Dinamika Kekuasaan Prabowo Subianto: Peran Militer, Pengusaha, dan Partai Politik
Tahun pertama pemerintahan Prabowo Subianto ditandai dengan kebijakan-kebijakan yang bersifat sentralistik, seperti program Makan Bergizi Gratis (MBG) dan Koperasi Merah Putih (KMP). Dalam periode ini, Prabowo memfokuskan kekuasaannya dengan mengandalkan tiga elemen utama: militer, pengusaha, dan partai politik.
Peran Militer dalam Kebijakan Pemerintahan
Militer berfungsi sebagai penggerak utama dalam pelaksanaan kebijakan-kebijakan prioritas pemerintah, termasuk MBG, lumbung pangan, serta distribusi obat-obatan. Prabowo menunjukkan kecenderungan untuk memperkuat organisasi militer melalui pembangunan Komando Daerah Militer (Kodam) baru dan penambahan batalion. Alokasi anggaran untuk TNI diperkirakan akan mencapai lebih dari 30% dari Pendapatan Domestik Bruto (PDB) pada periode 2025-2026.
Sejak menjabat, Prabowo telah menunjuk sejumlah figur militer dalam kabinetnya. Contohnya, Menteri Luar Negeri Sugiono, yang memiliki latar belakang tentara, serta Menteri Pertahanan Sjafrie Sjamsoeddin, yang juga berasal dari militer.

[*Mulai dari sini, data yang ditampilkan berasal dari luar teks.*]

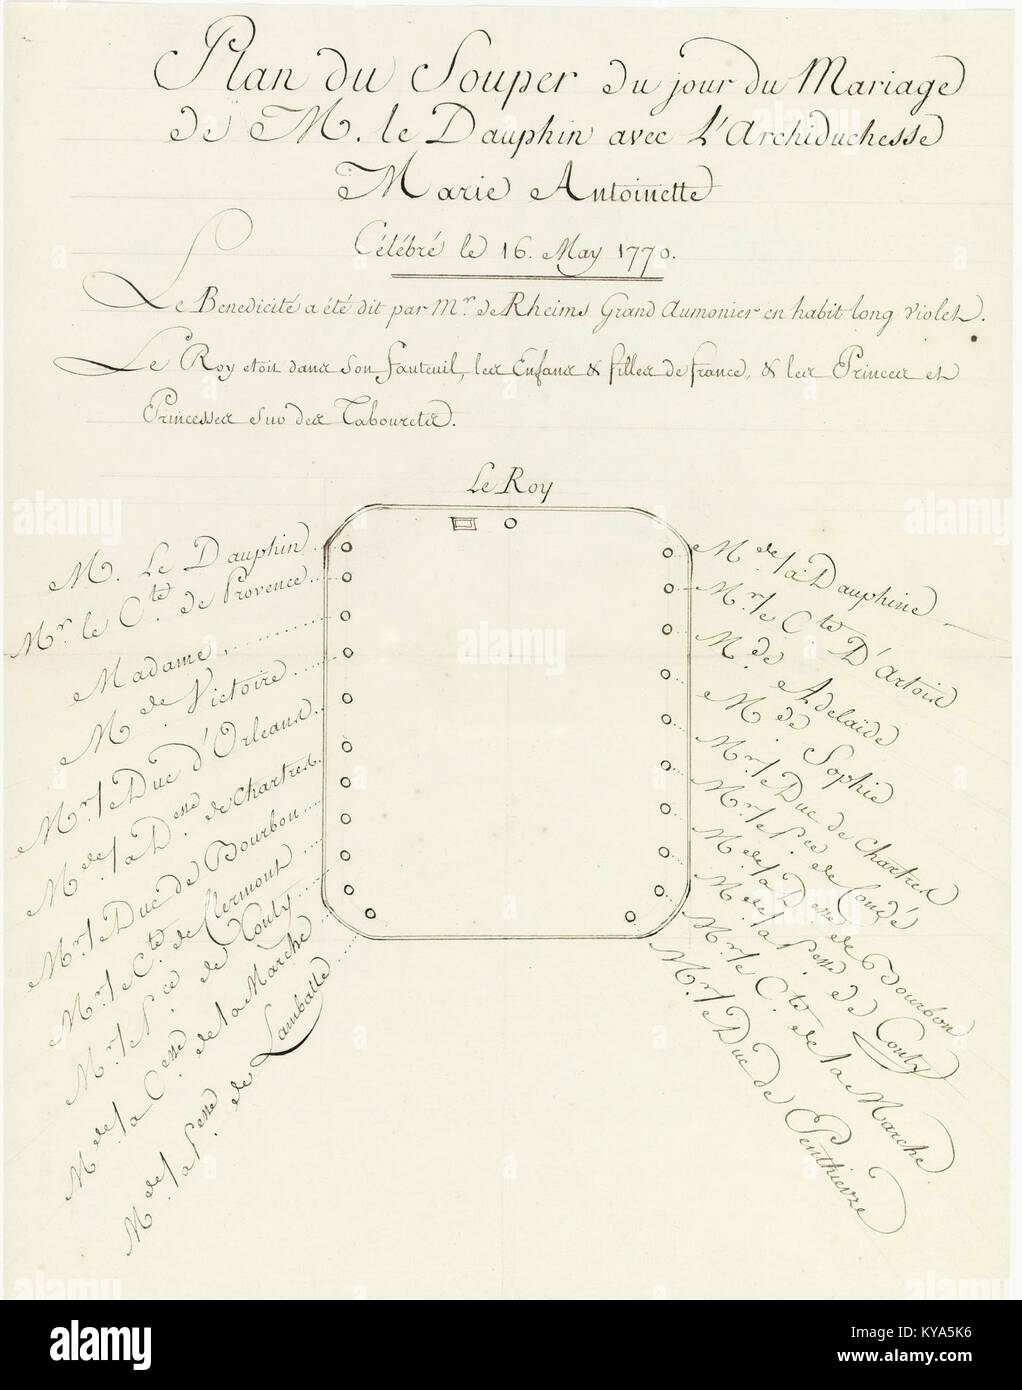 Plan du souper du mariage de M. le Dauphin avec l'Archiduchesse Marie-Antoinette 1 - Archives nationales - K-147-14-2 Banque D'Images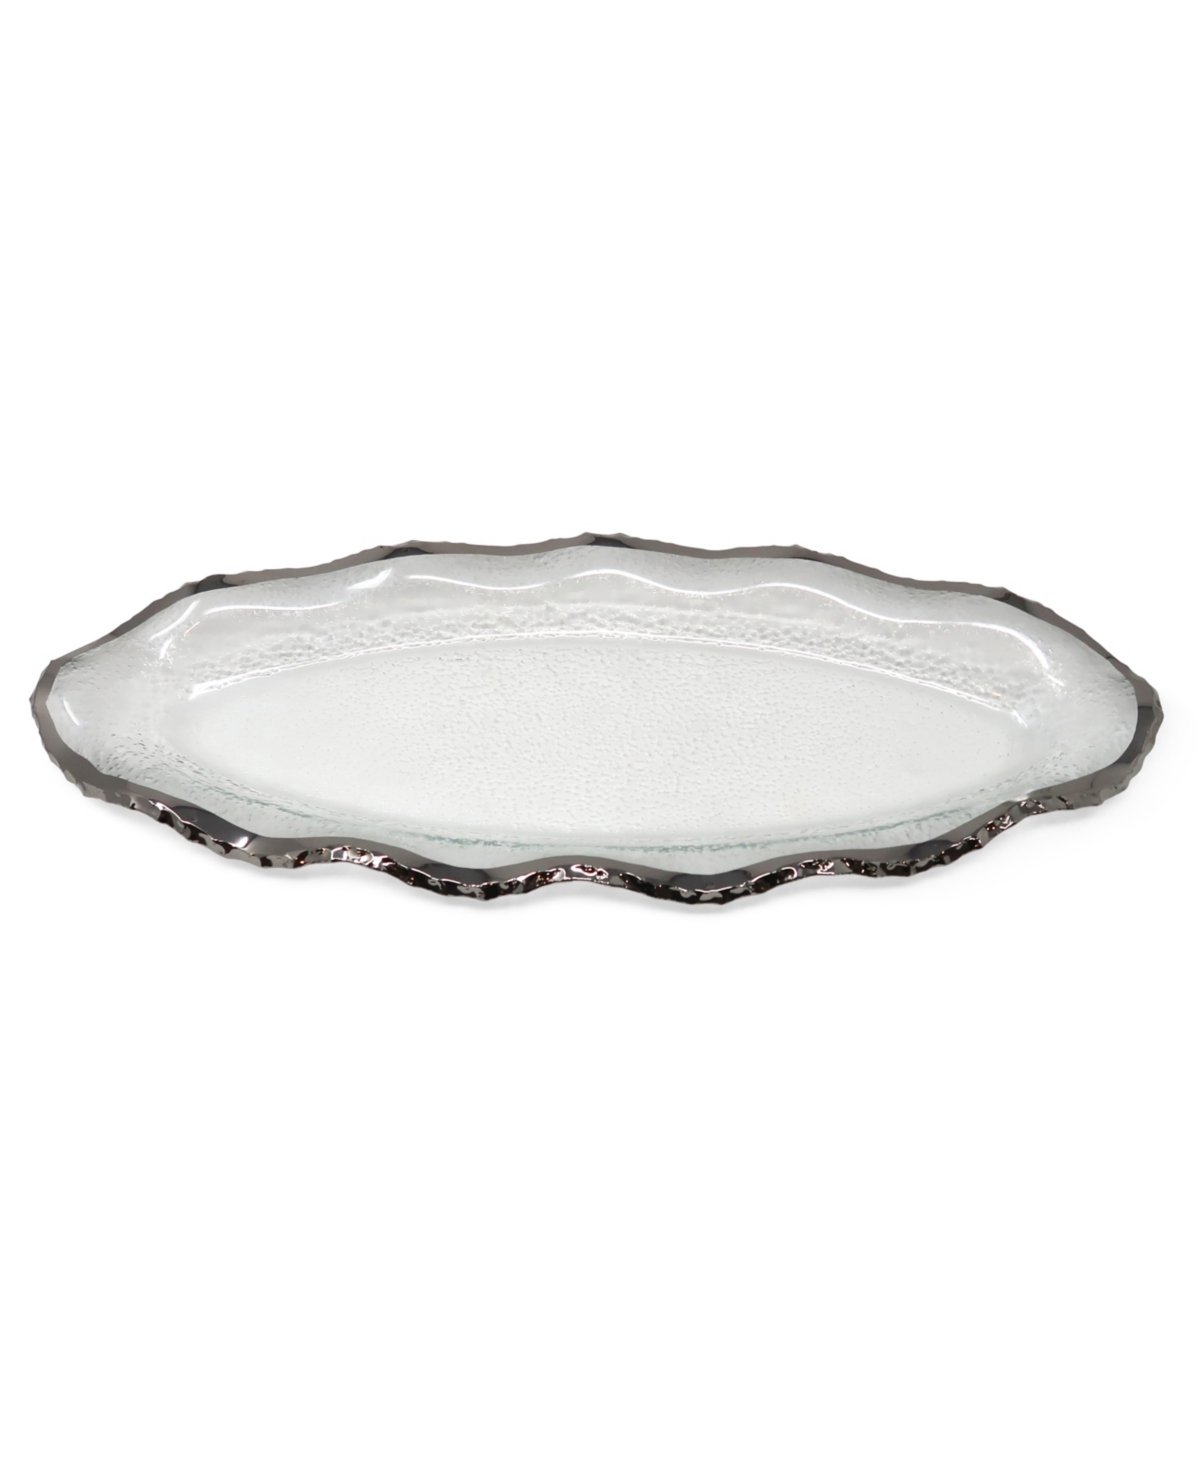 Glass Plate with Silver-Tone Scalloped Rim, 18" L - Silver

Penunjukan purnawirawan TNI di posisi strategis ini menuai kritik dari berbagai kalangan, termasuk Komisi untuk Orang Hilang dan Korban Tindak Kekerasan (KontraS), yang menilai langkah ini memperkuat corak militeristik dalam pemerintahan.
Keterlibatan Pengusaha dalam Pembangunan Infrastruktur
Kelompok pengusaha besar berperan signifikan dalam mendukung kebijakan pemerintah, terutama dalam proyek-proyek infrastruktur yang berstatus Proyek Strategis Nasional (PSN). Prabowo menjalin hubungan erat dengan para pengusaha, mendorong kolaborasi antara pemerintah dan sektor swasta. Pertemuan dengan pengusaha di Istana Negara menunjukkan komitmen Prabowo untuk melibatkan mereka dalam pembangunan.
Beberapa proyek ambisius, seperti cetak sawah satu juta hektare di Papua Selatan dan pembangunan rumah bagi masyarakat, menjadi contoh nyata keterlibatan konglomerat dalam inisiatif pemerintah. Hal ini diharapkan dapat menciptakan lapangan kerja dan meningkatkan pertumbuhan ekonomi.
Kekuatan Politik dan Koalisi Partai
Di ranah politik, Prabowo membangun koalisi yang solid dengan partai-partai politik, yang dinamakan Koalisi Indonesia Maju Plus (KIM Plus) setelah terpilih sebagai presiden. Dengan menguasai sekitar 80% kursi di parlemen, koalisi ini memberikan dukungan kuat bagi regulasi yang diperlukan pemerintah. Namun, hal ini juga mengurangi suara kritis di DPR, yang dikhawatirkan dapat memicu pengesahan regulasi yang kontroversial.
Revisi Undang-Undang TNI yang disetujui meskipun mendapat penolakan publik, menggambarkan bagaimana kekuasaan Prabowo berfungsi mengintegrasikan elemen-elemen tersebut untuk mengamankan agenda pemerintahan. Pengamat politik menganggap pendekatan ini serupa dengan pola yang diterapkan oleh mantan presiden Soeharto dalam membangun Orde Baru.
Kesimpulan
Prabowo Subianto berusaha memusatkan kekuasaan di tangannya dengan dukungan militer, pengusaha, dan partai politik. Meskipun langkah-langkahnya ditujukan untuk memperkuat pemerintahan, terdapat kekhawatiran terkait pengurangan ruang demokrasi dan potensi penyalahgunaan kekuasaan. Pengamat menilai bahwa tanpa adanya kontrol dan transparansi yang jelas, tren ini dapat membawa dampak negatif bagi masyarakat dan tata kelola pemerintahan di Indonesia.